▸ EXERCISE DATA

__________________________________________________

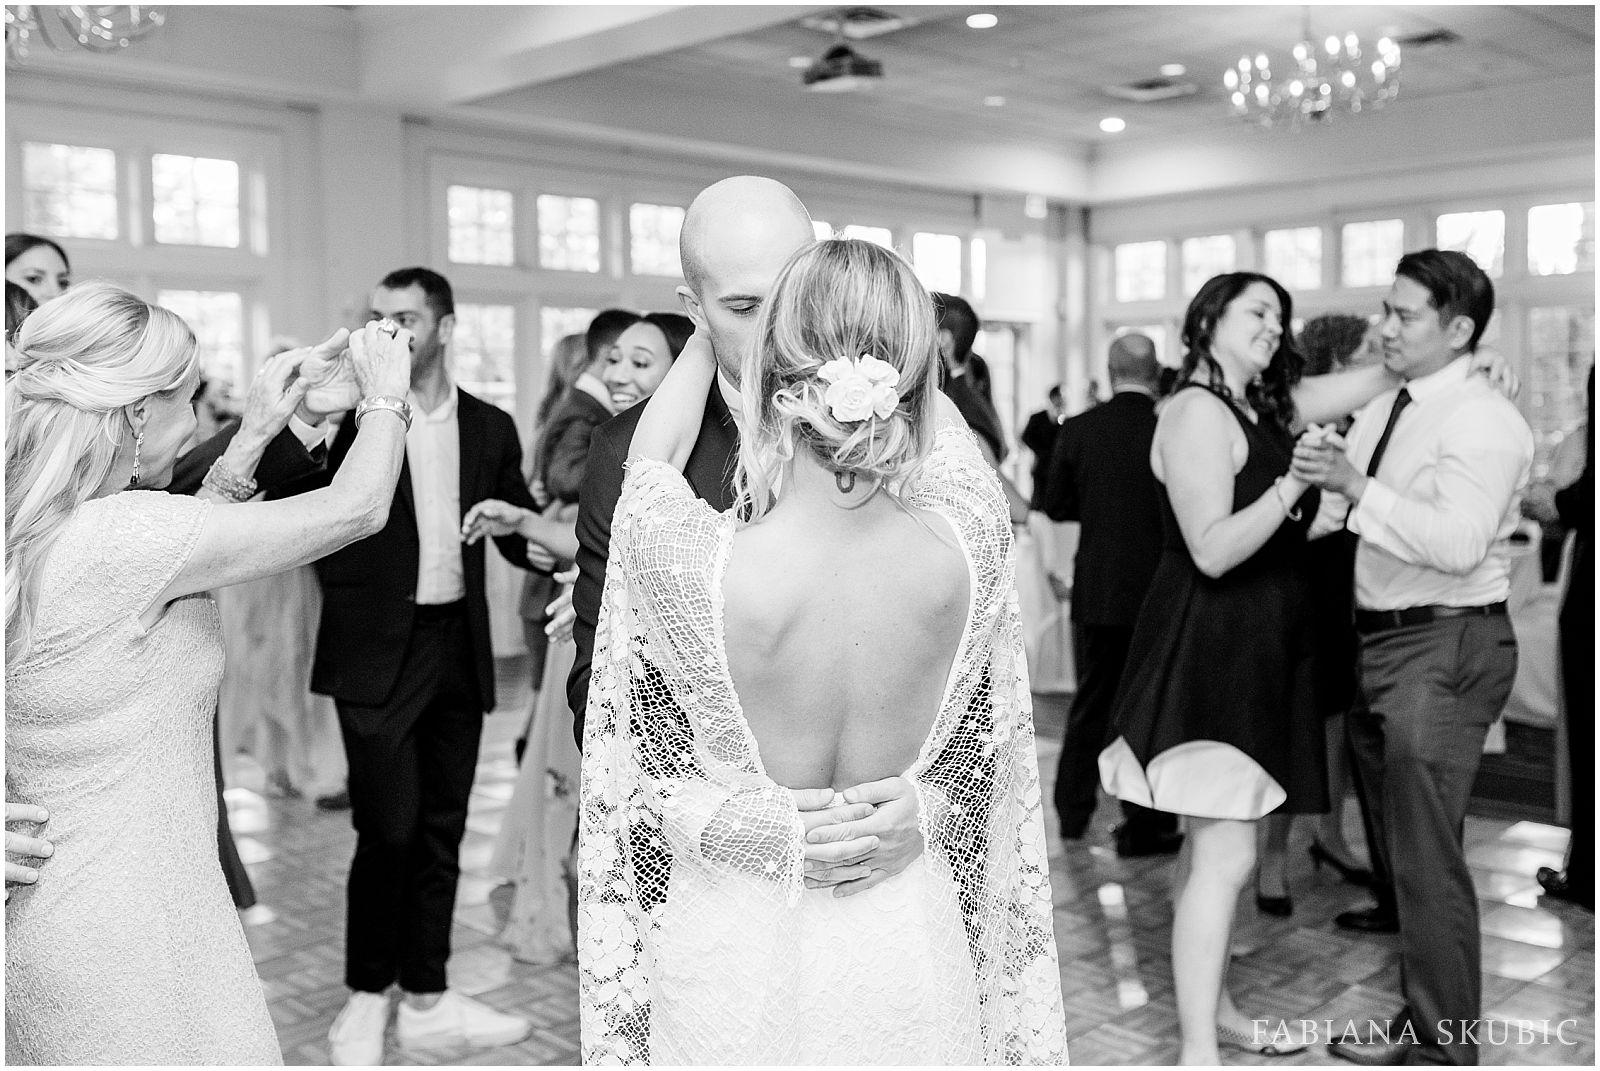 FabianaSkubic_H&M_Wedding_0056.jpg
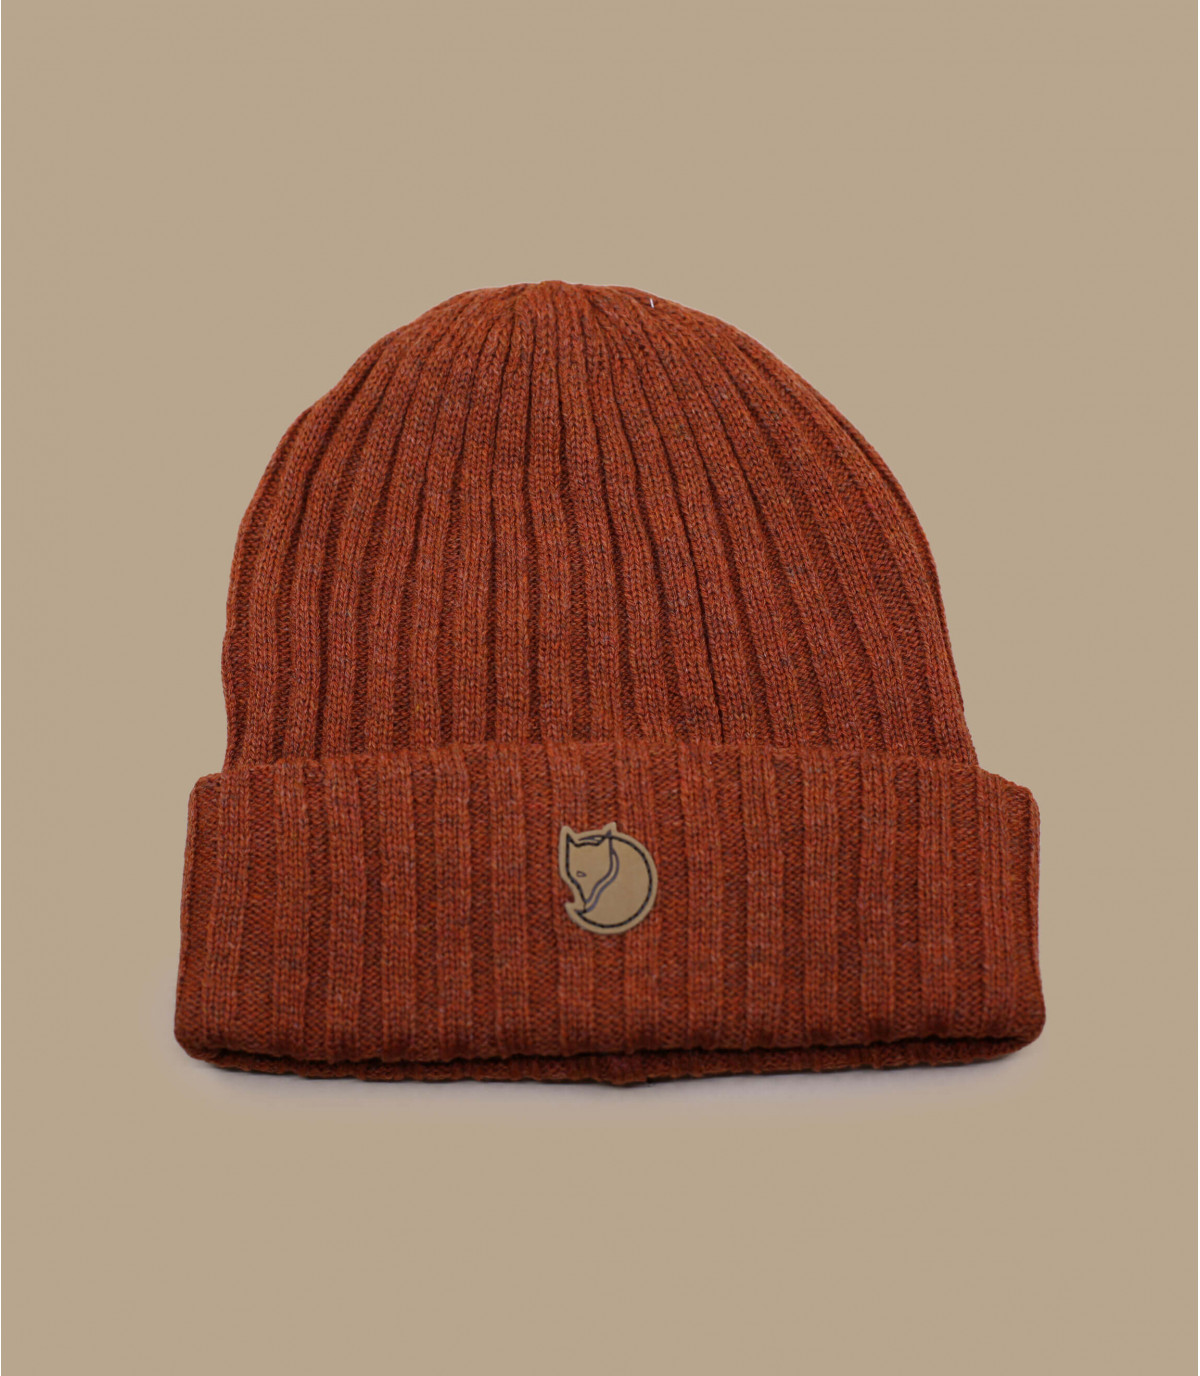 Mütze Revers Fjällräven Rost
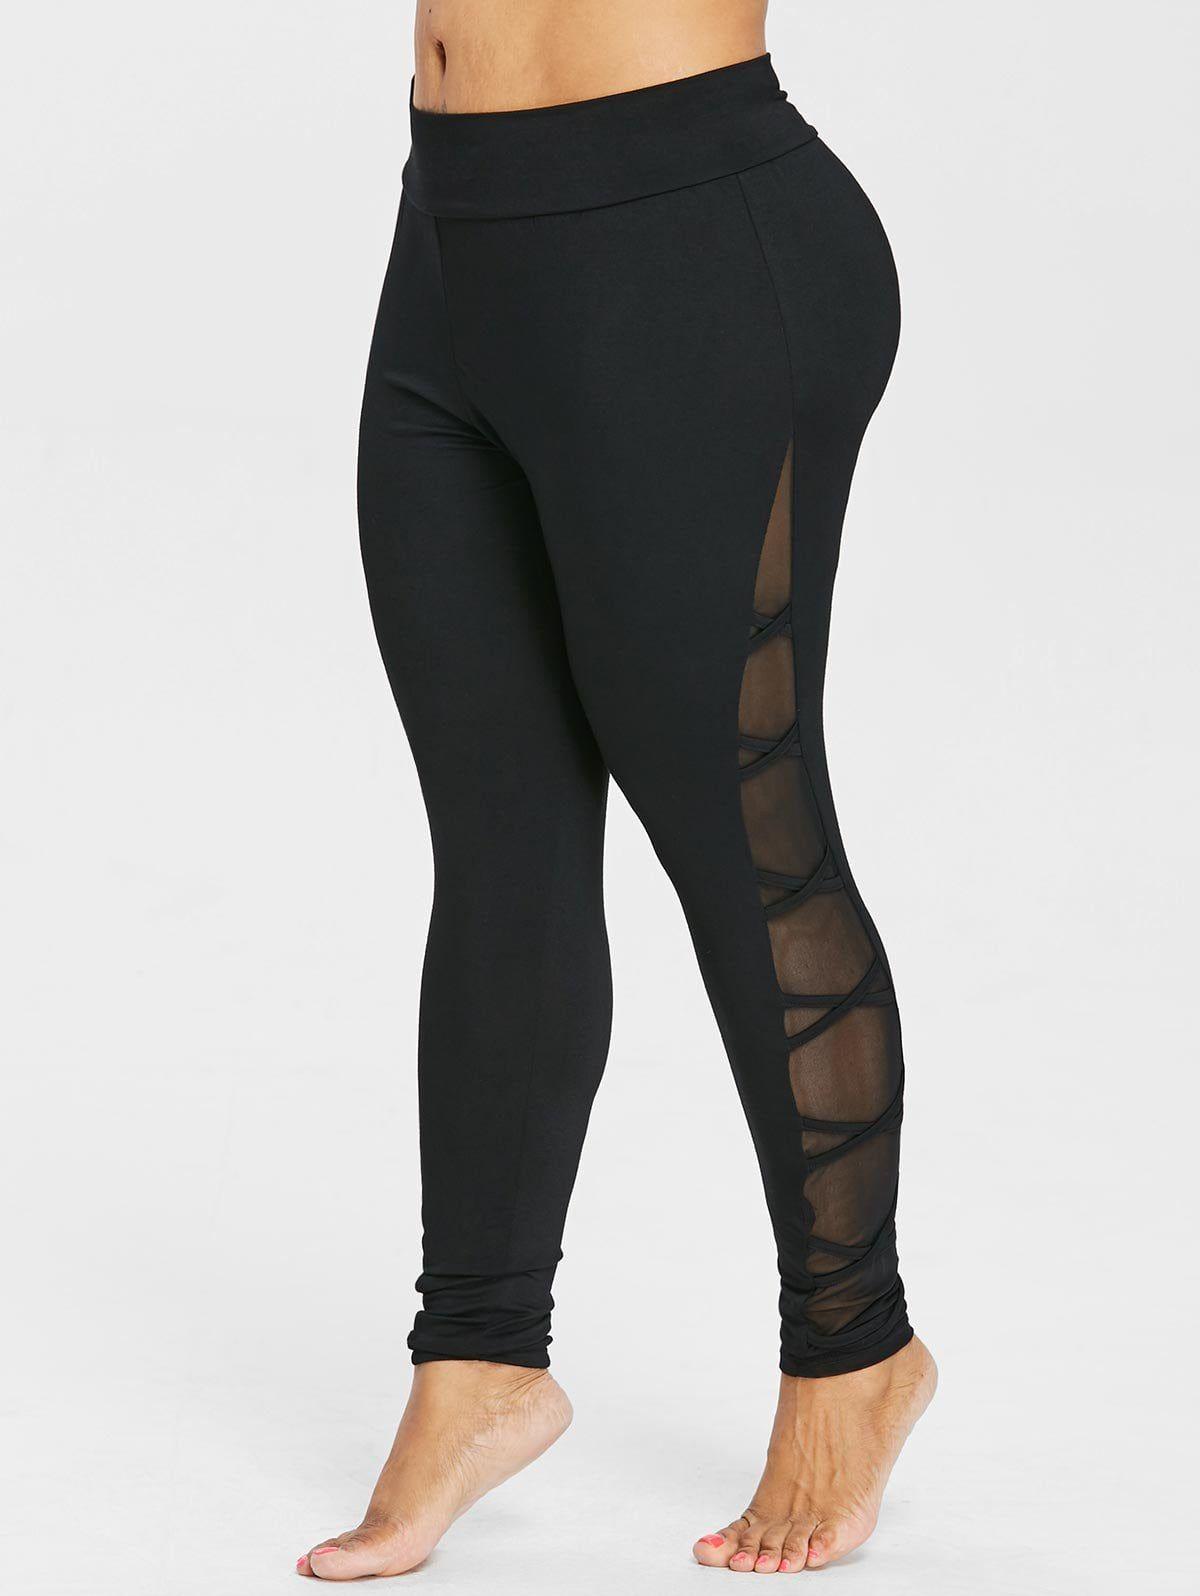 Plus Size Criss Cross Sheer Side Leggings Wide Waistband
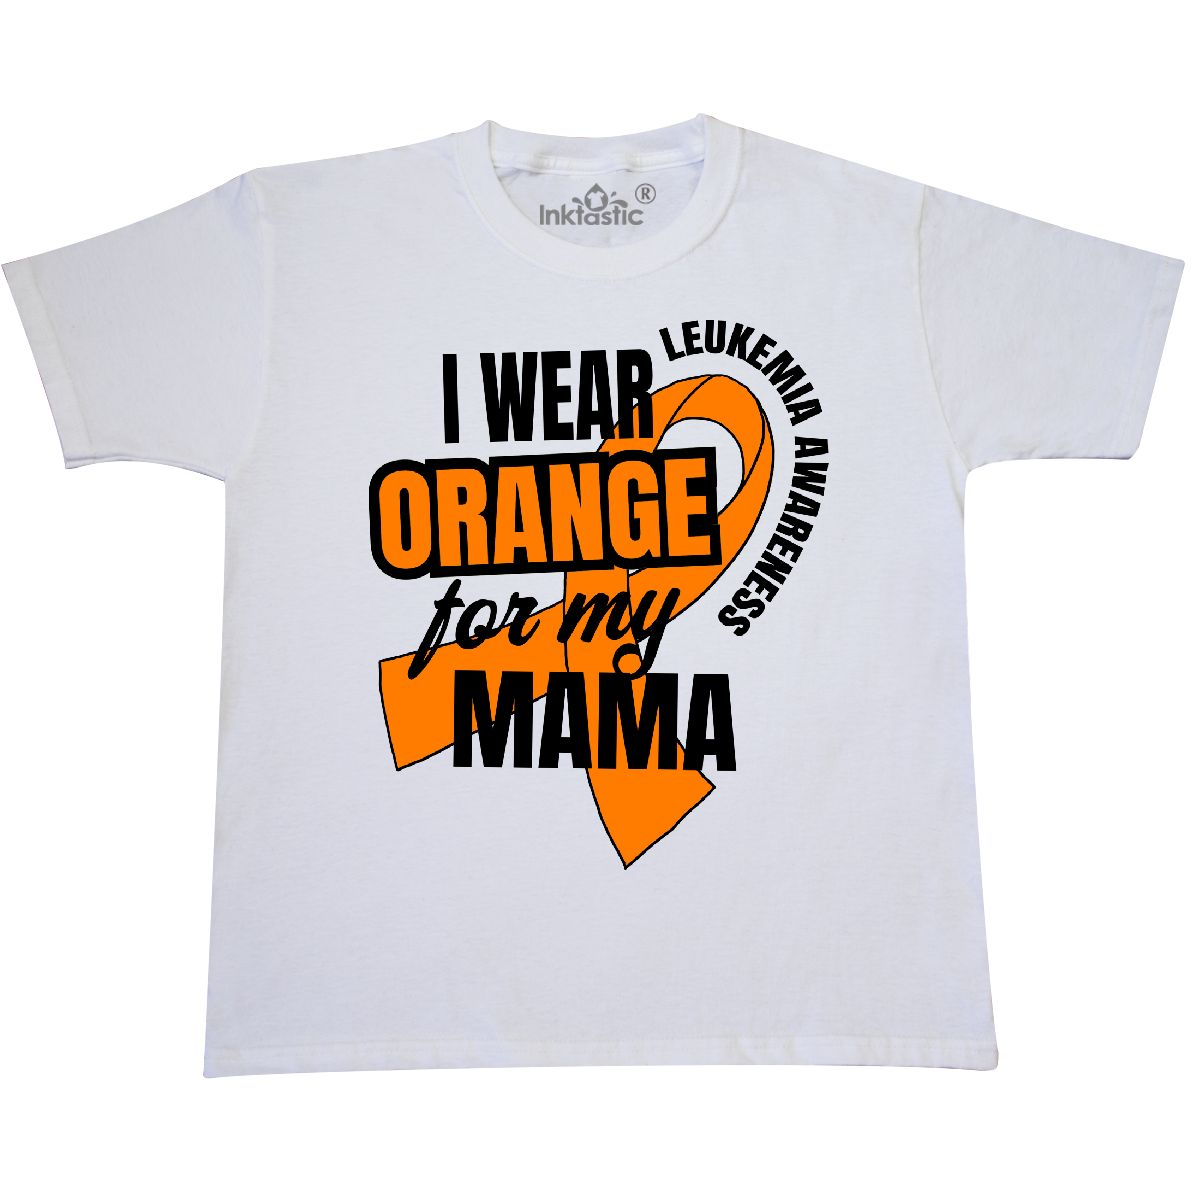 inktastic I Wear Orange for My Mom Leukemia Awareness Baby T-Shirt

__________________________________________________

▸ WHAT THE TASK ASKS
Reproduce the listing exactly, images omitted.

▸ ANSWER SECTION
 FabianaSkubic_H&M_Wedding_0056.jpg
 Mütze Revers Fjällräven Rost
 Plus Size Criss Cross Sheer Side Leggings Wide Waistband
 inktastic I Wear Orange for My Mom Leukemia Awareness Baby T-Shirt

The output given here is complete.